A few weeks ago, Arete’s Threat Intelligence team outlined the history of artificial intelligence (AI). Today, we continue that conversation, exploring data privacy concerns associated with AI tools. AI use cases are often showcased to consumers without warning of potential dangers in their application. When a service is free, your data is often the cost of entry.
Today, we dive into three key elements of data privacy concerns in AI:
- What information are you exposing publicly?
- What data are you putting into AI applications?
- And finally, how are you storing your data?
Operations Security (OPSEC): What information are you exposing publicly?
The public release of information can lead to both positive and negative outcomes. Classification by compilation, in which a series of seemingly harmless pieces of information are pieced together in open source, leading to exposure of proprietary, sensitive information, gives credence to the age-old saying, “Loose lips sink ships.”

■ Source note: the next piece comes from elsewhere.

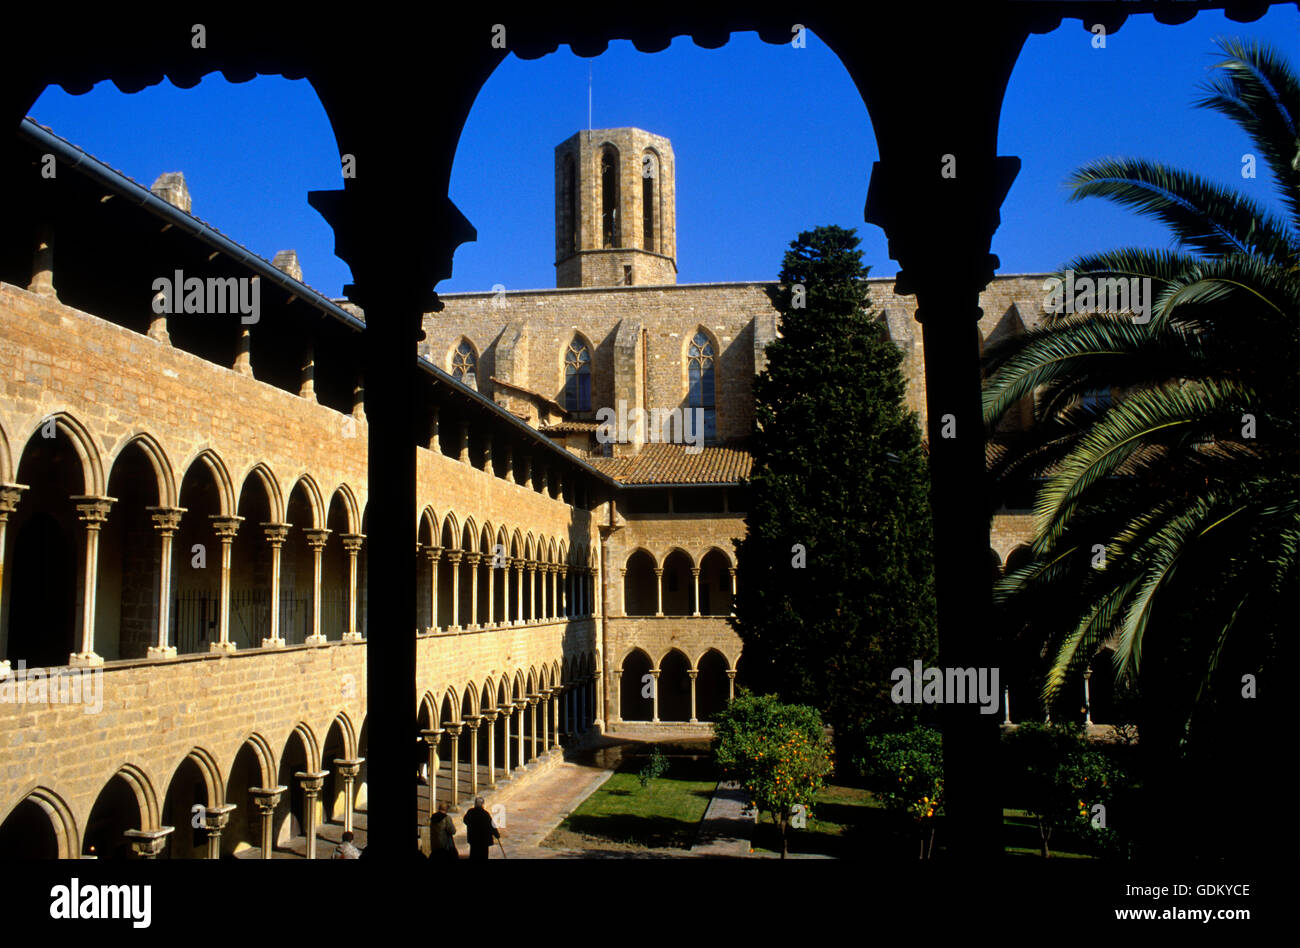 Monasterio de Pedralbes.de estilo gótico. Siglo XIV, Barcelona, España Foto de stock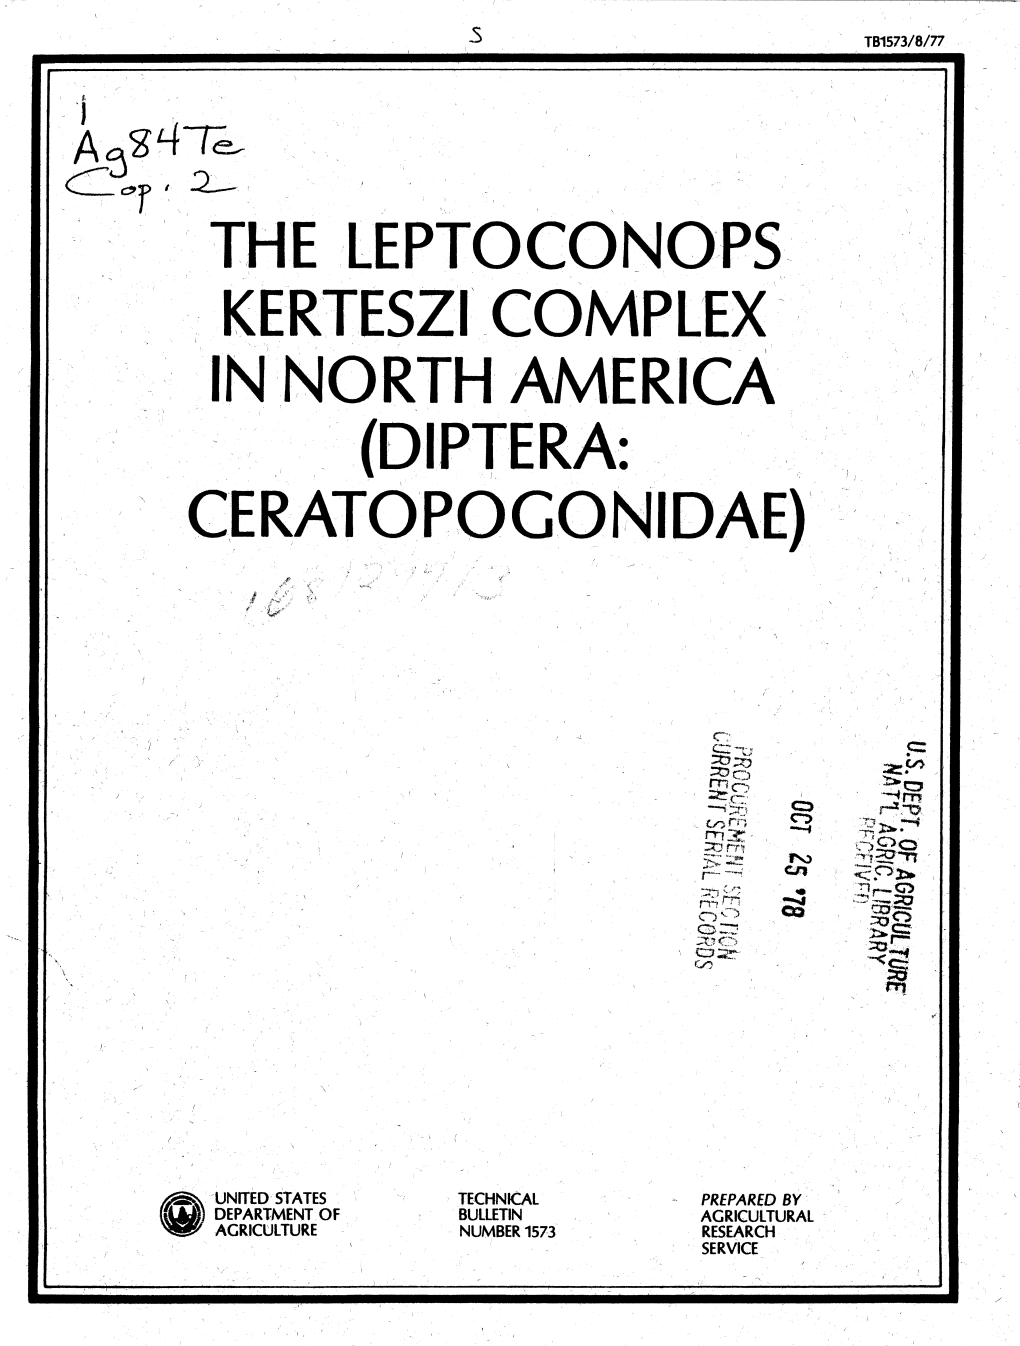 The Leptoconops Kerteszi Complex in North America (Díptera: Ceratopogonidae)

You may be wondering what this has to do with AI. Any information posted publicly can be used by developers to train AI algorithms. This could lead organizations to aid their competitors indirectly, should they choose to use the same AI platforms. An example of this is a 2023 lawsuit filed by artists against a number of companies that own AI image-generating tools. The artists argued that the AI companies used their art to train algorithms without the artists being properly compensated. The court ultimately ruled against the artists, demonstrating that it is extremely difficult to prove what data was used to train AI algorithms.

What data are you putting into AI applications?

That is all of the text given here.